Filed under Chronicles
My Missus Monday: All 3 kids are at school and I can’t wait to get ‘Me’ back!
With the kids going back to school this week (Hurray!!), I thought this rather poignant article my wife wrote about our youngest son starting nursery last year was worth an airing. He is four now and starts Reception on Friday. It will be a Big Gulp moment, let me tell you. He and I have had six whole weeks together, and as much as I complain about the frustrations of being a SAHD, I will miss him massively. I will miss all three, of course, but his stepping up a year feels especially poignant. He is astonishingly wonderful company.
This week’s theme: My nest is EMPTY!
We walked along the pavement hand-in-hand and passed through the school gate. At the classroom door, I crouched down and my three-year-old son placed his arms around me and pressed his face into my neck.
‘Have a great time,’ I said.
Then, in the next moment, he was taking the hand of another woman and waving me goodbye. The classroom door closed and a chapter of my life ended.
My youngest child had started nursery full-time.
I thought I’d feel excited. Instead I went home, made myself a cup of tea and had a good old howl. Anyone would have thought it was me starting nursery, not my son!
‘Don’t worry,’ said The Husband. ‘You’re just mourning the baby years. You’ll get over it.’
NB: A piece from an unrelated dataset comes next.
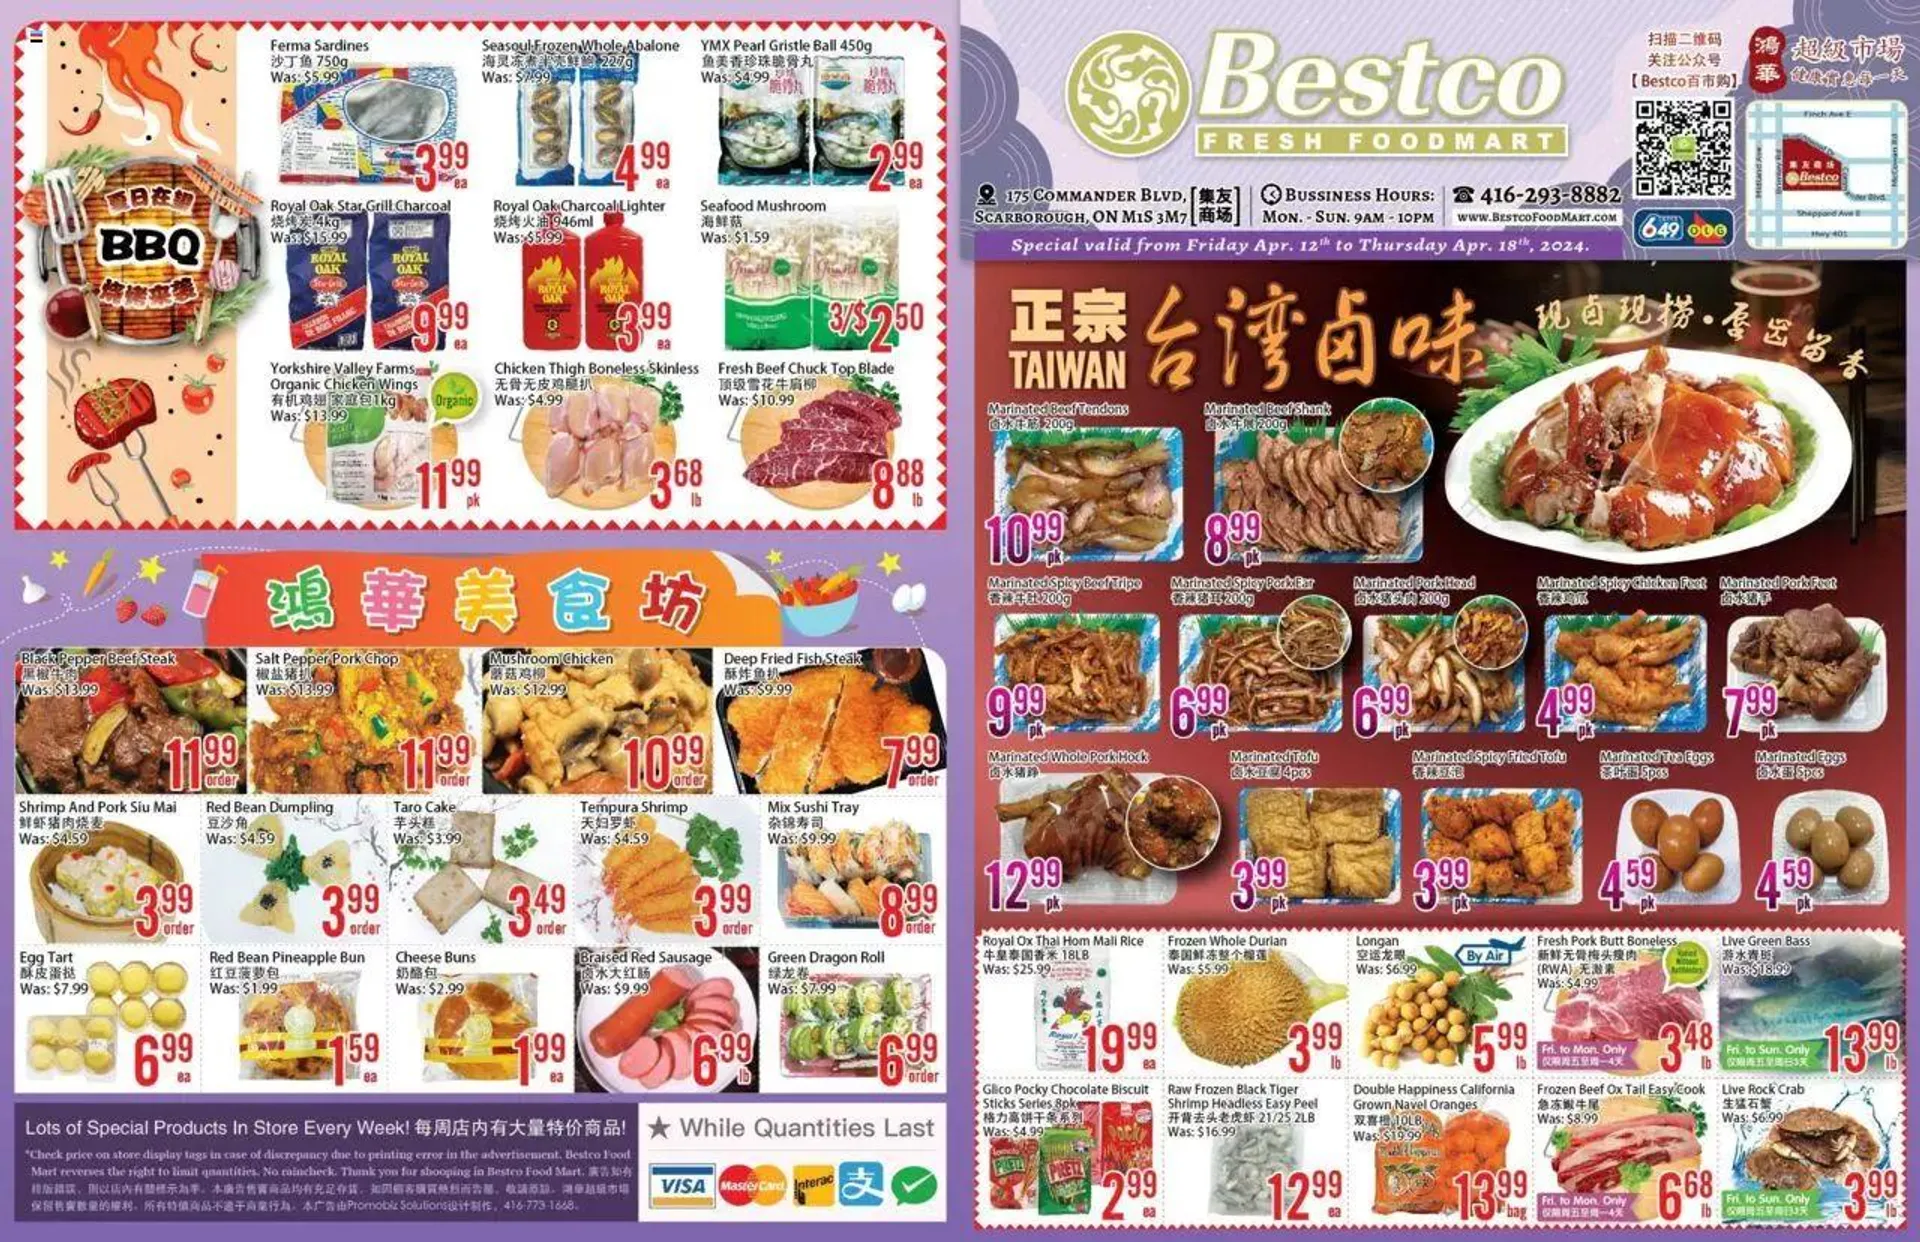 Bestco Foodmart weekly flyer / circulaire - 0

But all week I felt wobbly and weepy. The house was so quiet. I missed our mornings watching CBeebies together and our afternoons strolls to the park to feed the ducks.
I made myself busy. I scrubbed out the kitchen cupboards. I cleaned out the fridge. I even dared to venture beneath my nine-year-old daughter’s bed and found a mug that had gone missing three months before.
But the time dragged. I kept checking the clock to see if it had stopped. I felt out of sorts and limp, like a damp rag.
‘I’ve got all the oomph of a wet lettuce,’ I said to my friend Sue over a cup of tea later that week. ‘I don’t know what’s wrong with me.’
‘I do,’ she said. ‘You’ve got Empty Nest Syndrome.’
She explained. It was the term given to explain the loss and sadness that many parents experienced when their children no longer lived with them or needed day-to-day care. It was common when kids left home for college or university.
‘But he’s only gone to nursery,’ I said to Sue.
‘It can strike at any time,’ she said. ‘It’s not surprising really when you think about how much our lives change when we have kids.’
On the way home I thought about what she’d said. Ten years ago, my life was different. It was all about me. I went out to work, I spent what I earned on myself, I was selfish. If I wanted a new pair of shoes I bought them. If I wanted to go out with my friends I didn’t have to think twice about it.
Then I became a mother and things changed.
Instead of pursuing a career, I fitted work around the children. I spent what I earned on them. I put them first and me last. I didn’t mind. It was what I wanted to do. Now a decade had flown by. The kids were all at school and didn’t need me to be around as much. I took a long, hard look in the mirror and got a shock.
I thought: ‘I’m over 40, I’m going grey and I’m heading for the menopause. If I were a horse, I’d be put out to grass….Or worse.’
Never mind my baby years being over, I reckoned my best years were over!
I felt redundant. I’d given up my life for my children and now they were moving on. What would I do now?
Next day, after the school run, I walked home via the park. As I passed the swings I caught sight of some mums with their toddlers.
‘How lovely,’ I thought. ‘I wish that was still me.’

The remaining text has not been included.